If what you find in your home or office space is not exactly what you’d like to have in mind for your life, then take matters in hand. Let your home and office continue to be a metaphor for your life, but shape that metaphor in a way that suits your life. Remove the clutter. Keep it clean. Build a relaxing, positive atmosphere in which to decompress at the end of each day.

4. Ready, Set, Simplify

To make your home a less stressful, more tranquil place, one of the easiest things you can do is to simplify. Spend some time in each room of your home and list all the things you do in each room. What are the functions of the room?

What would make each room simpler, its functions simpler?

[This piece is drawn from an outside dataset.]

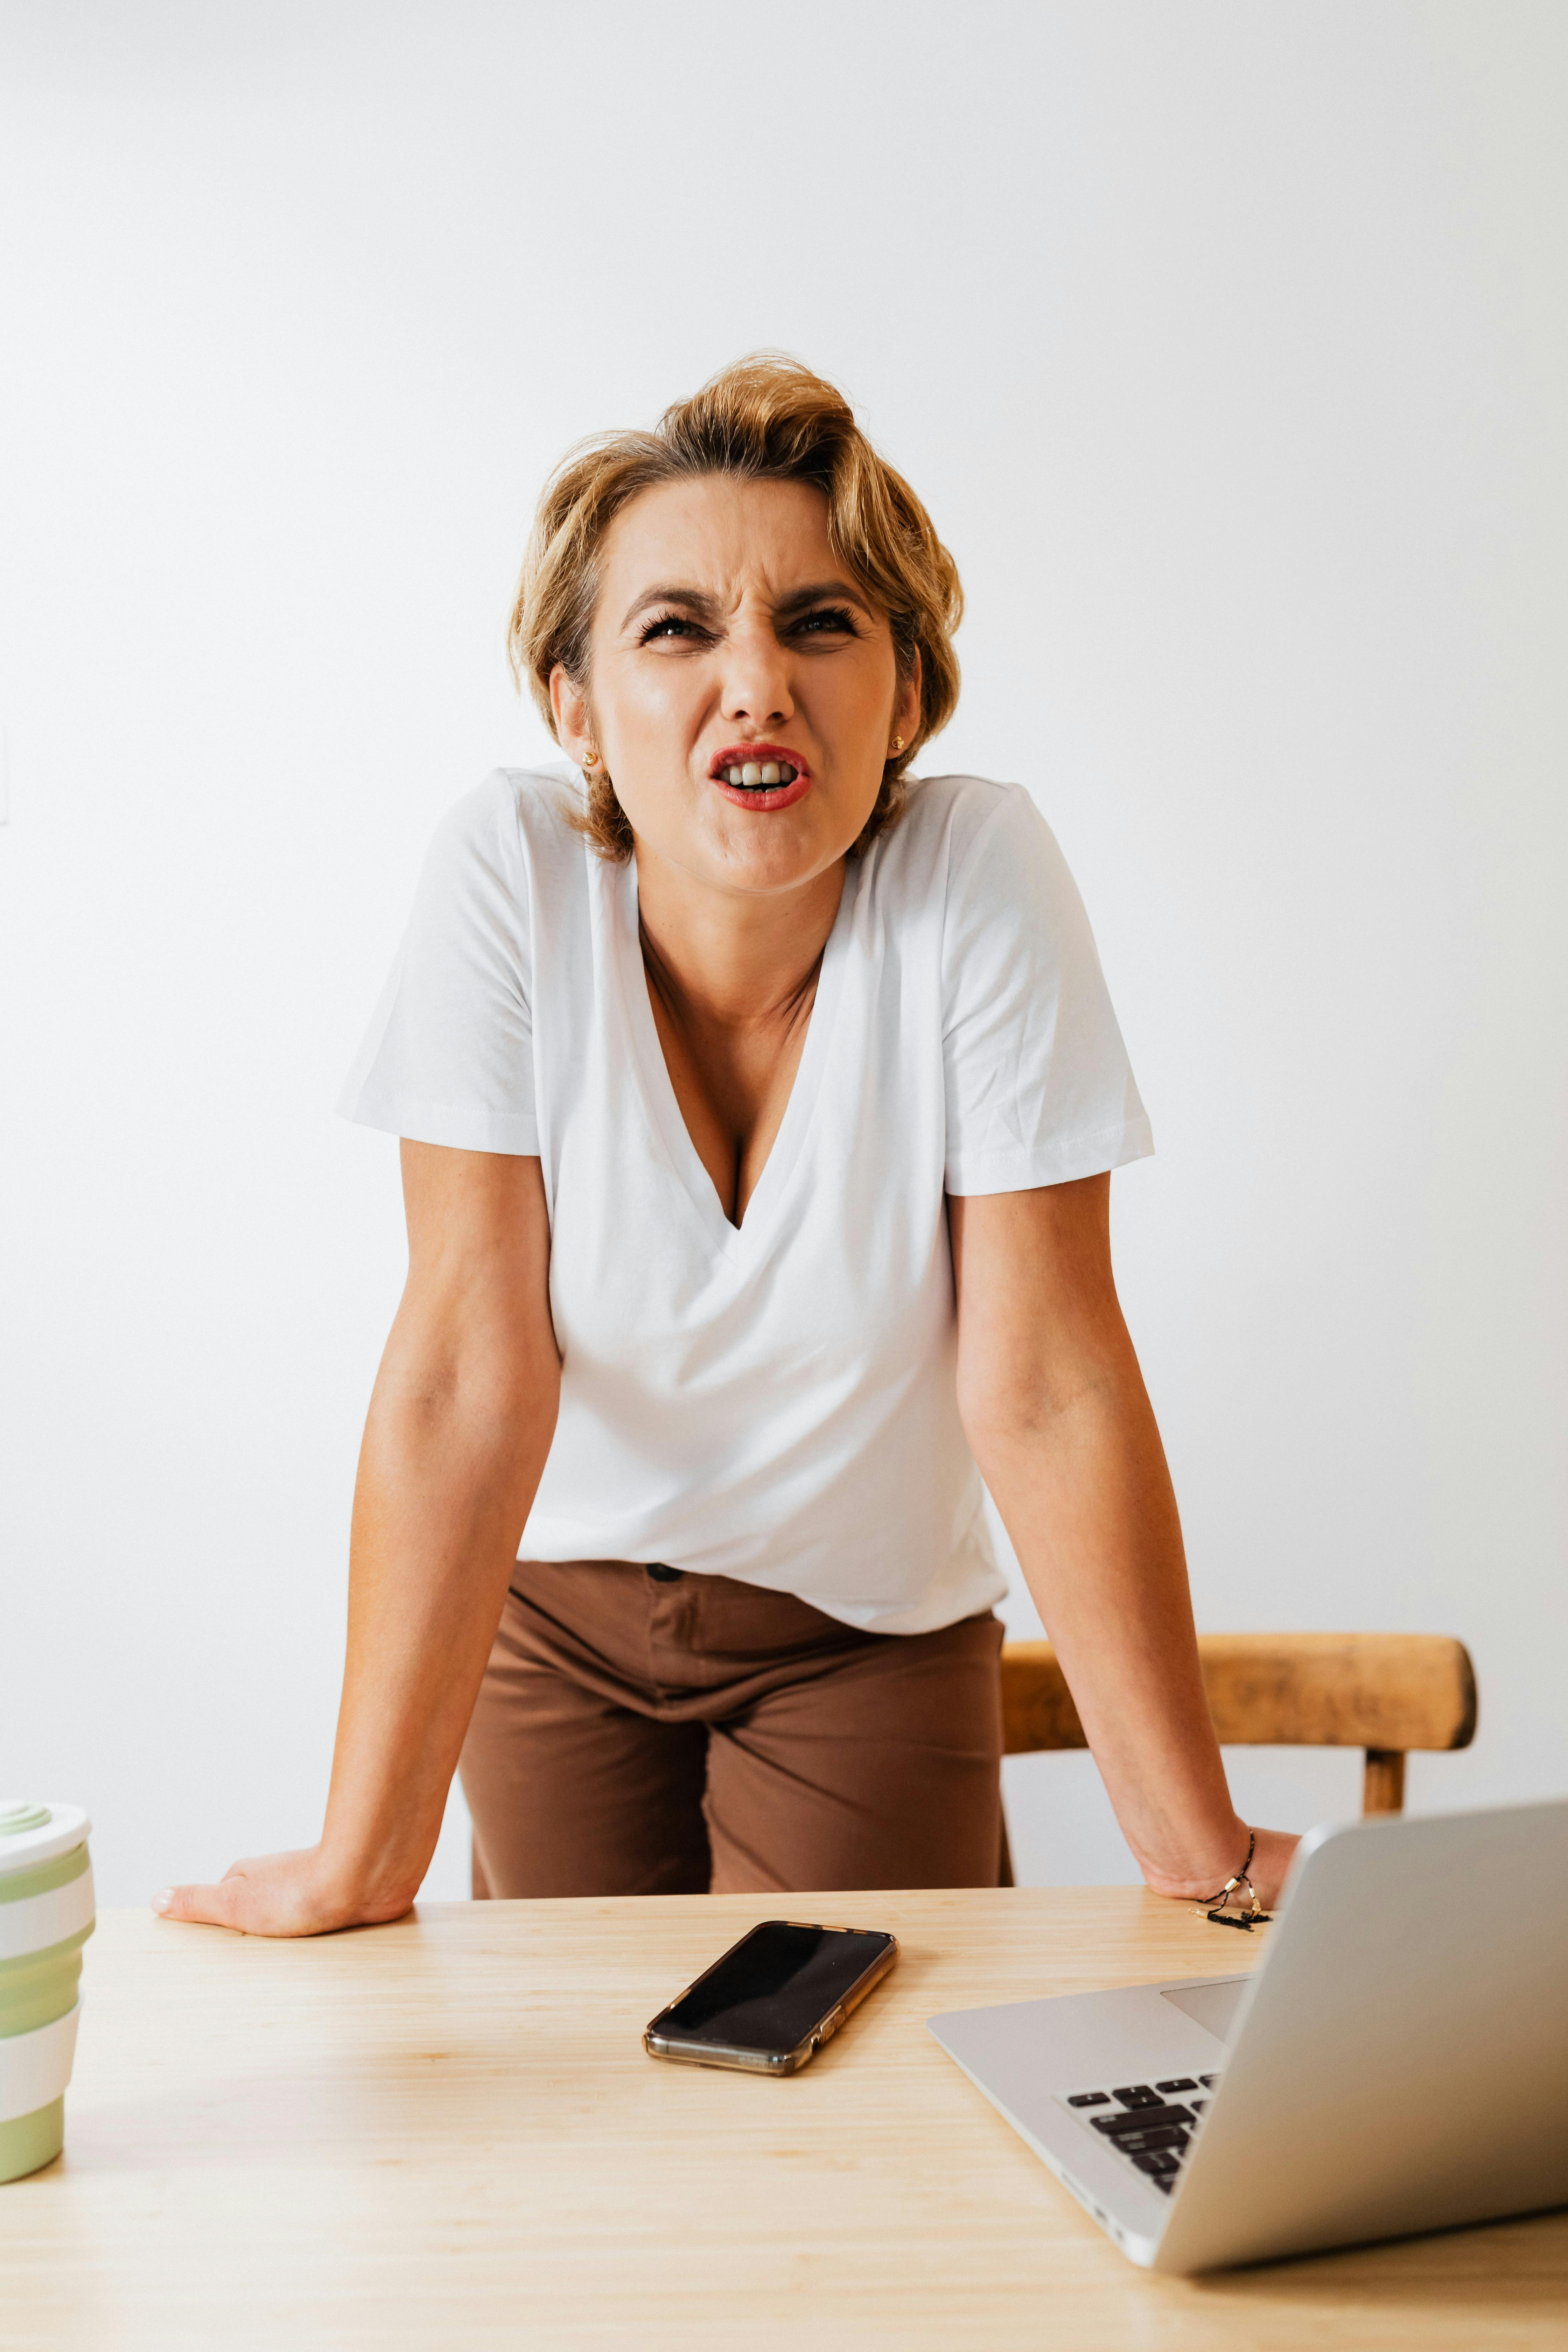 Une femme réagissant avec colère tout en posant ses mains sur une table | Source : Pexels

Simplify your cleaning chores by creating a system for getting everything done a little bit each day. Simplify your shopping by buying in bulk and by planning your menu a week in advance. You can simplify the way your home works and consequently reduce your stress while in your home in many ways.

5. Make More Space

Some people feel comforted by a room full of stuff, but there is something relaxing and calming about a clean, clutter-free space. Why not put away or give away some of that stuff and free up some space? As you make space on your surfaces, floors, walls, and rooms, you’ll feel like you are making space in your mind. You’ll feel more relaxed and calmer in that clean, organized, uncluttered space. If you donate stuff, you’ll also get the feeling of satisfaction that you’ve helped others. Or, if you give clothing or other items to sell on consignment, you can make a little pocket money.

6. De-clutter, De-stress

Clutter does more than keep your home, your desk, or your garage looking messy. It keeps your mind messy, too. The more stuff you have, especially the disorganized, unmatched, lost, or high-maintenance stuff, the more you have to worry about it, find it, maintain it, keep it, deal with it, have it. Getting rid of the clutter in your home is the most important thing you can do to make your home a stress-free haven of tranquility.

7. Are You a Pack Rat?

Getting rid of clutter is hard to do, especially for those who can’t bear to throw anything away. How many of the following statements would you agree with?

• I keep a lot of clothes that I think I might be able to fit into someday.

• I have at least one junk drawer filled with spare parts and other small items I might need someday, even if I’m not sure what most of them are.

• I have at least a year’s worth of magazines that I know I’ll look at sometime.

• All the storage spaces in my house are overflowing with stuff— I’m not sure what it all is.

• I record more movies, television shows, or music than I can keep up with watching or listening to, but I save all the tapes because I think I’ll get to them all . . . eventually.

• I buy more books than I can read, but I just might read them someday.

• I have at least five different collections.

If you check more than one item on the list, you’re probably a pack rat. That means de-cluttering is trickier for you than for someone who doesn’t have a problem letting go of stuff.